Now it depends which route you want to go, if you want to go HOB (hang on back), then I think you had your choices right. The best HOBs on the market, no questions asked, are the AquaClears and Fluval C Series. In terms of size, if you are really persistent to stick with only one filter, for whatever reason, I would go with the biggest one possible. Which from AquaClears would be the 110 model; then the C goes up to the C4 model but thats about equal in size to the AC (AquaClear) 70 model. I have a AC110 on a 29G with an old Fluval 204, and seems to do well. Its up to you which one you want to use, the AC is going to be more flexible with media, and hold more of it. On the other hand, the Fluval C is a little easier to clean, has the wet/dry compartment (I have tested it and it works for nitrate removal with the right media), and has a few other small features that might be more convenient for you. I have a video somewhere in my sig that does a detailed comparison of the 2 filters, I didnt really hit on a whole lot because I dont feel like typing it all. 

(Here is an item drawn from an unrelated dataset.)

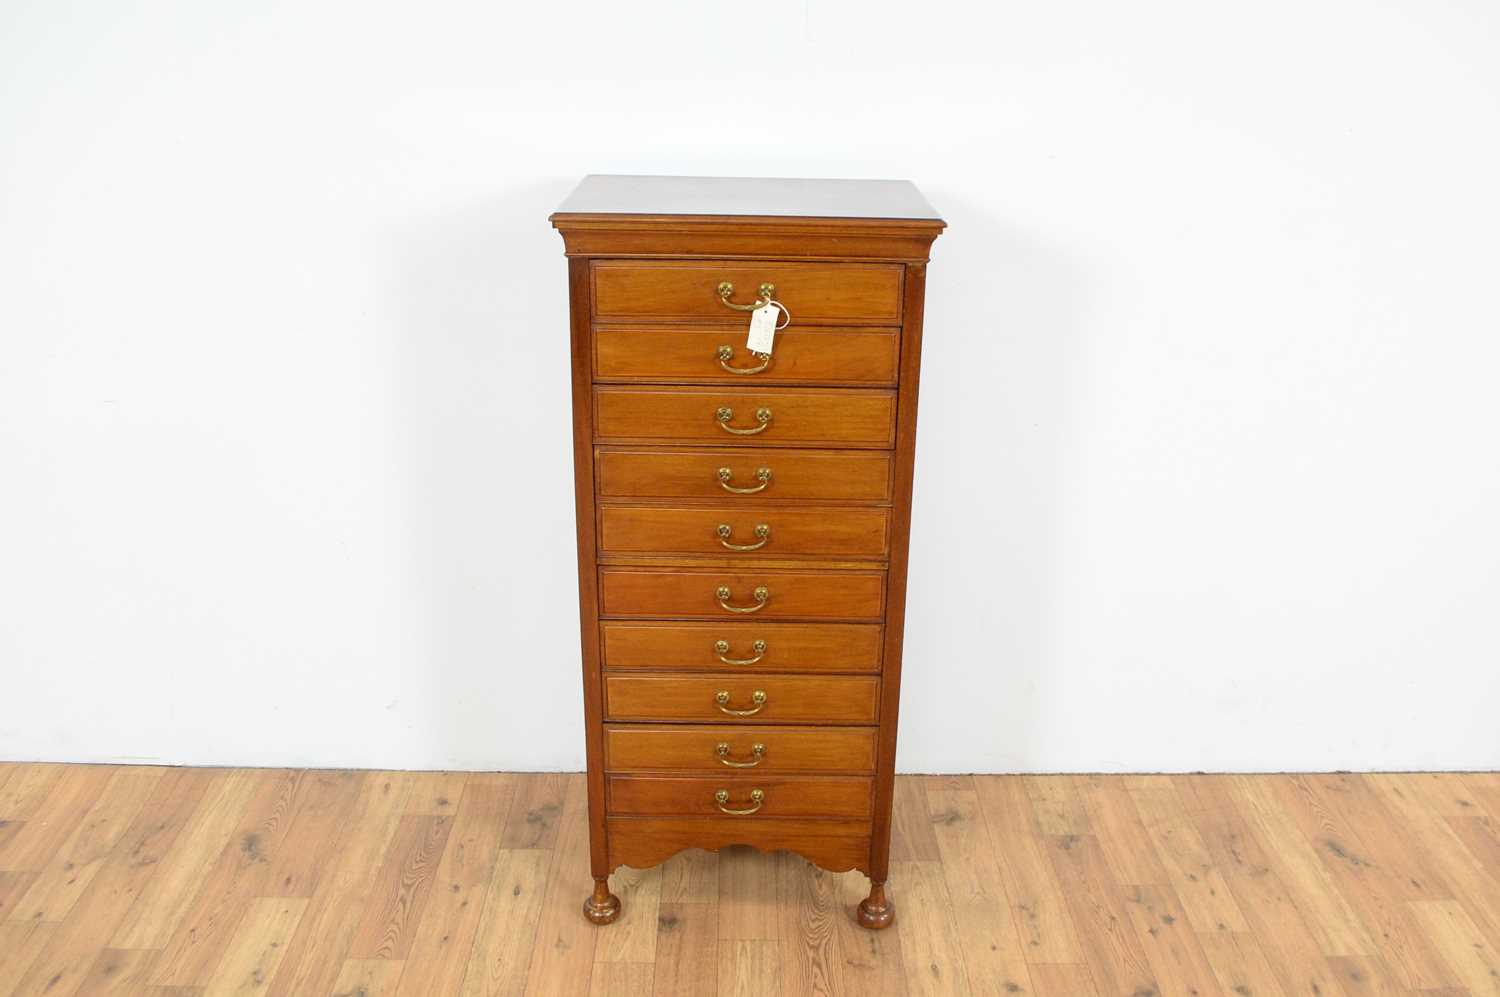 A 20th Century mahogany music cabinet with a glazed bookcase - Image 5 of 7

If you really want to go with only 1 filter though, I would HIGHLY suggest a canister. For sizing on canisters, depending who makes it, I usually say (as far as sizing/power goes) always go at least 1-2 sizes bigger than what is recommended for your tank. As far as specifics, maybe you should do some research, but I wouldnt hesitate to recommend any Fluval Canister, because I have great experiences with all their filters. If you have the money, the G6 is the way to go. If you dont have as much money to dish out check out the 306/406 or 305/405. You can get those for really good prices around the web if you do a little shopping.


----------